## Work task
All that is wanted is the exact text of the lines below from the one with "シネマーズ・ストア / DCマルチバース「THE BATMAN-ザ・バットマン」12" through the one with "Il Tribunale di", inclusive, minus any pictures.

## Data extracts
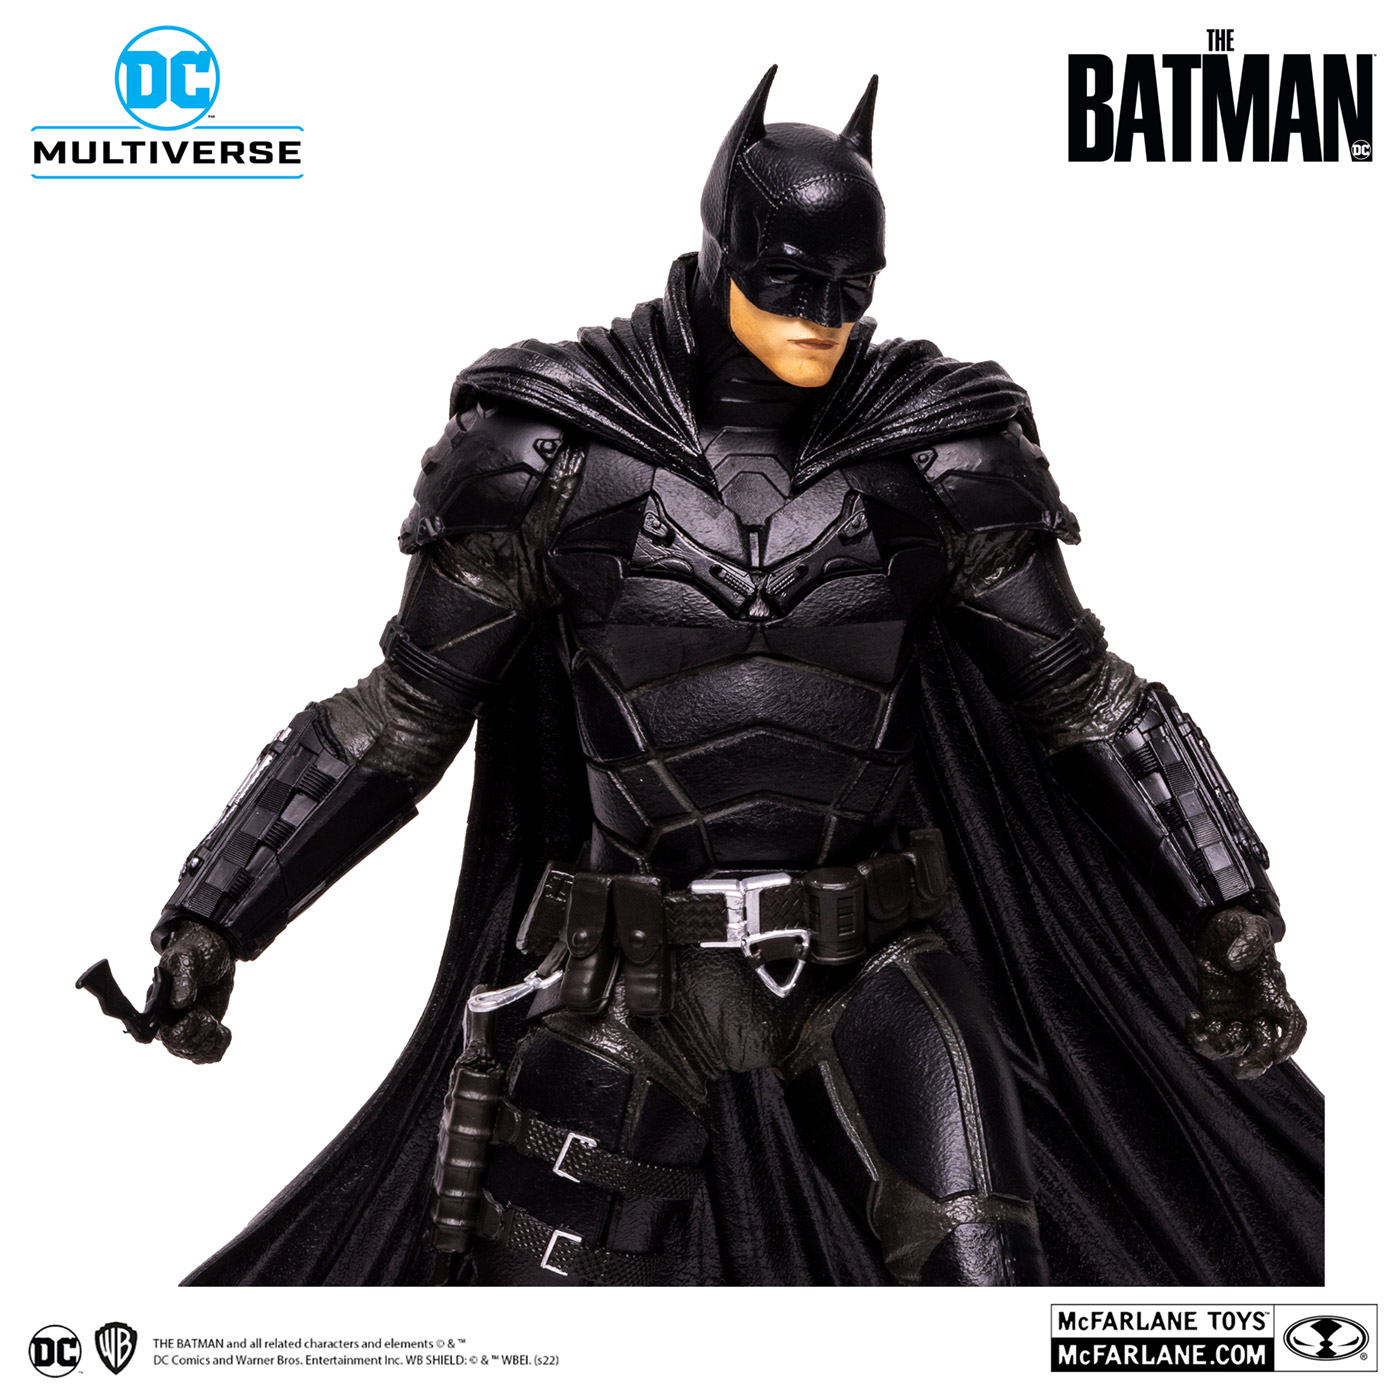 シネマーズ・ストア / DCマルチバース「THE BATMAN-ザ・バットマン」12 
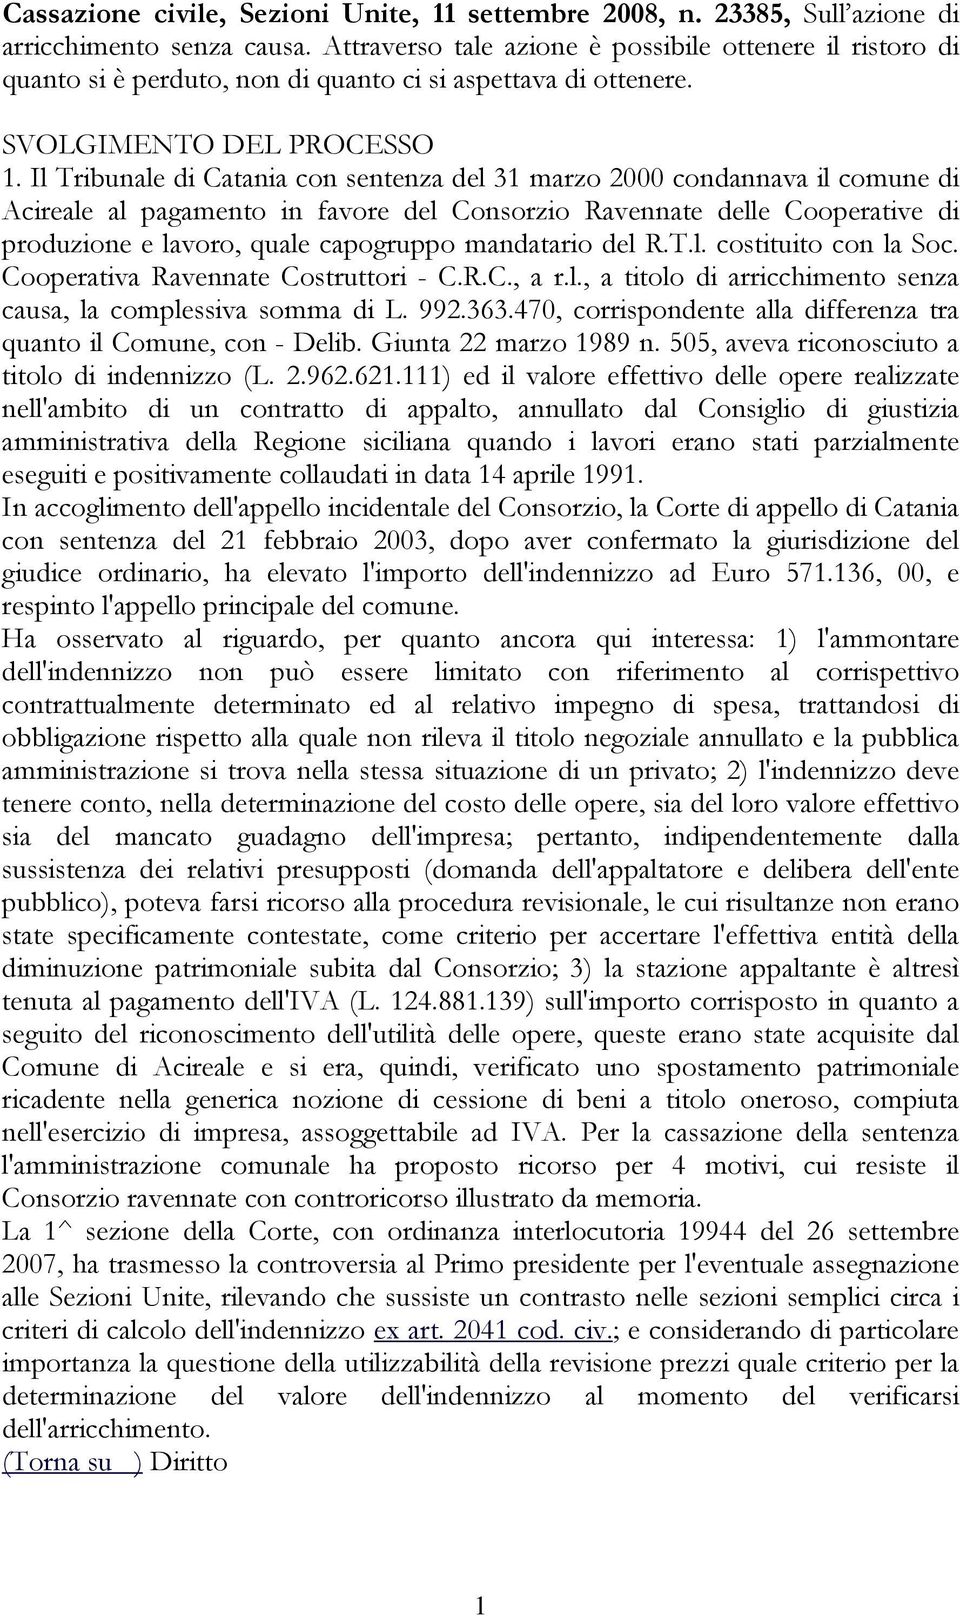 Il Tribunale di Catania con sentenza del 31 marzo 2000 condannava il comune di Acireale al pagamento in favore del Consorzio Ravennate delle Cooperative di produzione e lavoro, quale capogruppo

* * *

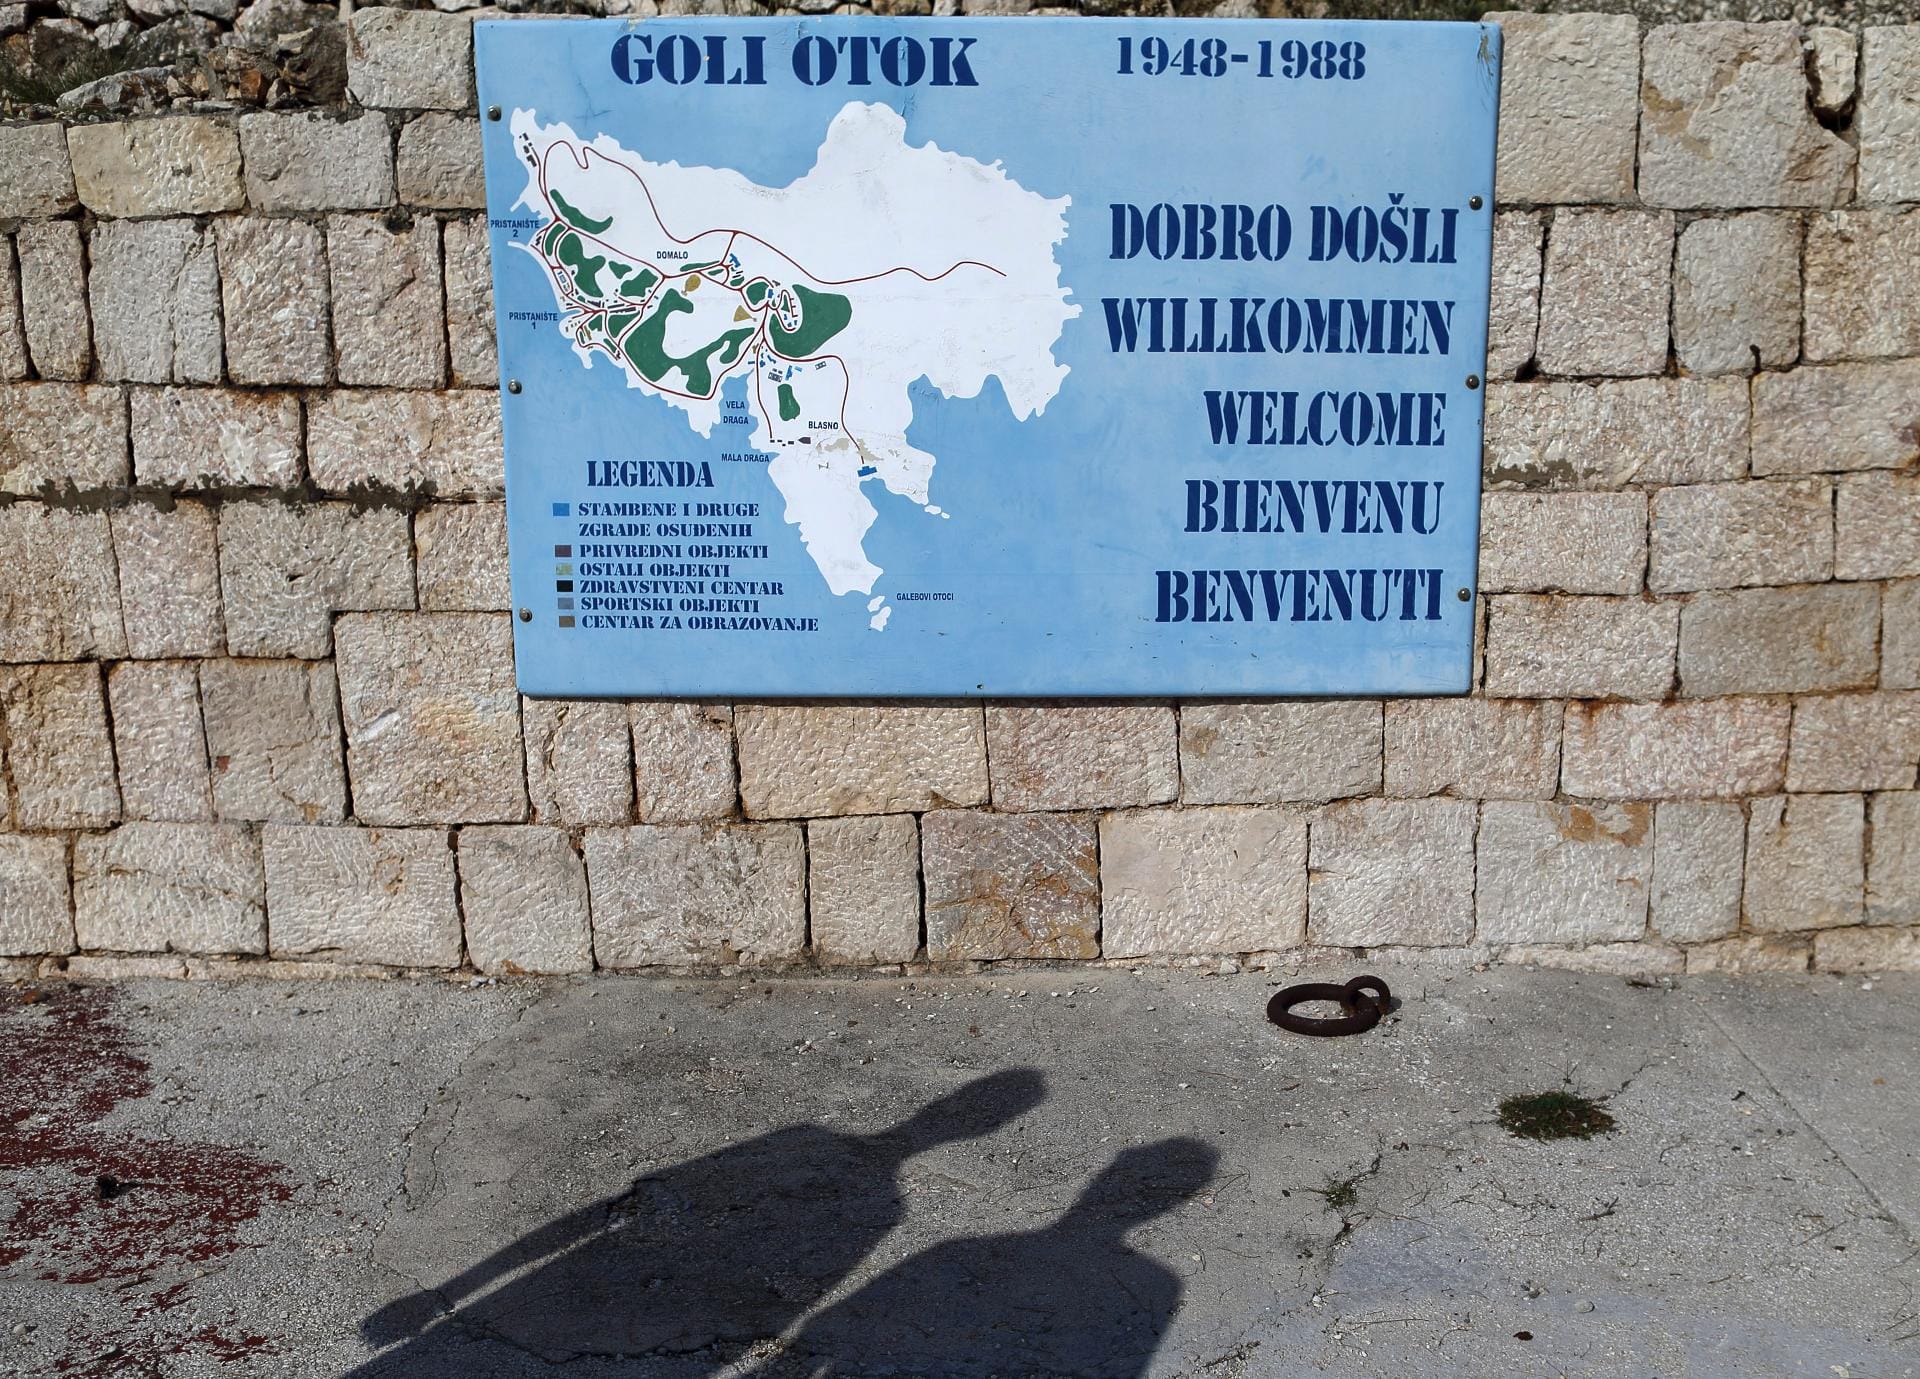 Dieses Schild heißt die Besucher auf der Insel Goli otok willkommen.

## Output for this task
 シネマーズ・ストア / DCマルチバース「THE BATMAN-ザ・バットマン」12 
 Il Tribunale di Catania con sentenza del 31 marzo 2000 condannava il comune di Acireale al pagamento in favore del Consorzio Ravennate delle Cooperative di produzione e lavoro, quale capogruppo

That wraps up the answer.